1989
亲爱的圣帕布帕德,
请接受我在圣恩您的莲花足下最谦卑的顶拜。
我们曾习惯于一直给您写信,但由于您的离去,十多年来我们一直无法在这种情况下与您通信。现在,在最近与您的密切接触的鼓舞下,我们再次写信,这是第一次。
经典告诉我们,与灵性导师的联谊有两种形式:形象(vapur)和言教(vani)。因为言教始终可得,所以被认为是最重要的。然而,在导师亲身在场时提供服务有一种特殊的甜蜜。门徒珍惜与导师相处的哪怕一刻,终身铭记,并热切地聆听那些有幸与导师有更广泛接触的人描述他们的经历。认为只能以这种回忆的形式进行形象服务时,我们从未想过会再次投身于为您个人服务之中。但这恰恰发生了。

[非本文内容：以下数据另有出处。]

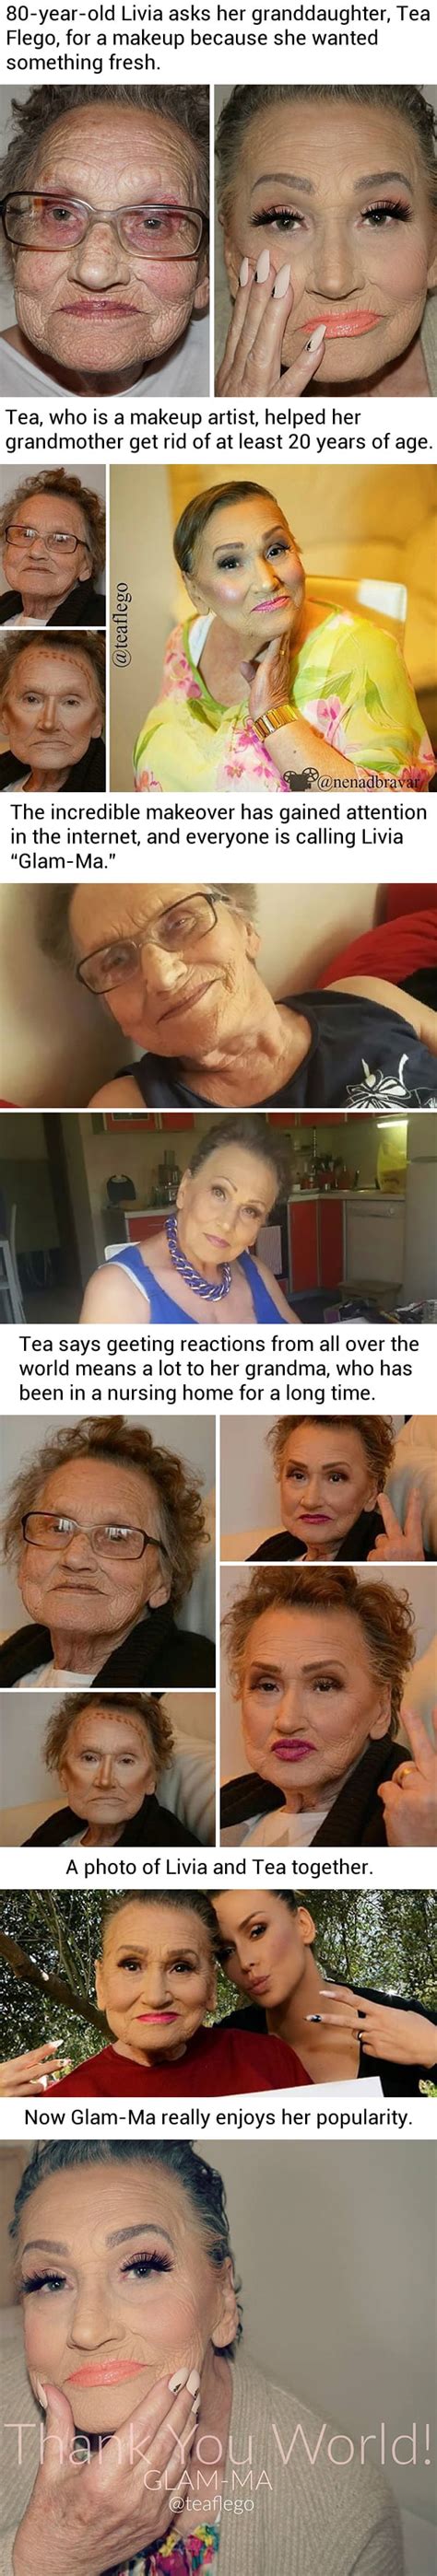 80 year old grandma asks her granddaughter for a makeup and becomes popular among internet 9gag

突然,我们扮演起了在您在世最后一年为您服务时的相同角色:塔摩·奎师那·哥斯瓦米,您的秘书;萨塔丹尼亚·达斯,您的侍从;哥帕勒·奎师那·哥斯瓦米,您在孟买的国际奎师那知觉协会管理委员会成员;阿迪蒂亚·达西,您办公室主任;以及 B.V. 纳拉亚纳·玛哈茹阿佳,国际奎师那知觉协会的挚爱祝福者——所有人都以相同的身份,以同样坚定的服务强度行动。是什么导致了这种显著的转变?是您的遗嘱。作为忠诚的门徒,我们渴望执行您的遗嘱和其他最终指示,但现在我们发现自己被您在居士生活阶段的长子制造的法律封锁所阻碍。他既质疑您遗嘱的真实性,也质疑您卓越的灵性地位。
至少我们很高兴这场对抗应该发生在孟买,特别是在奎师那之地和孟买高等法院,因为正是在奎师那之地,那个您称之为战斗之地,当您最终取得胜利时,您非常满意地说:“这是最好的战斗!”现在我们再次受到攻击,但这次规模要大得多。您的前儿子声称国际奎师那知觉协会的所有寺庙和您所有的书籍都是他个人的继承财产!
由于印度混乱的法律体系,这个案子花了将近十一年才被审理。现在它开始了,我们感受到了与您在世最后一年相同的持续焦虑。从我们醒来的那一刻起,直到深夜疲惫入睡,每时每刻您都在我们的脑海中。保护您的协会和书籍信托是我们唯一的关切;忧虑不断困扰着我们。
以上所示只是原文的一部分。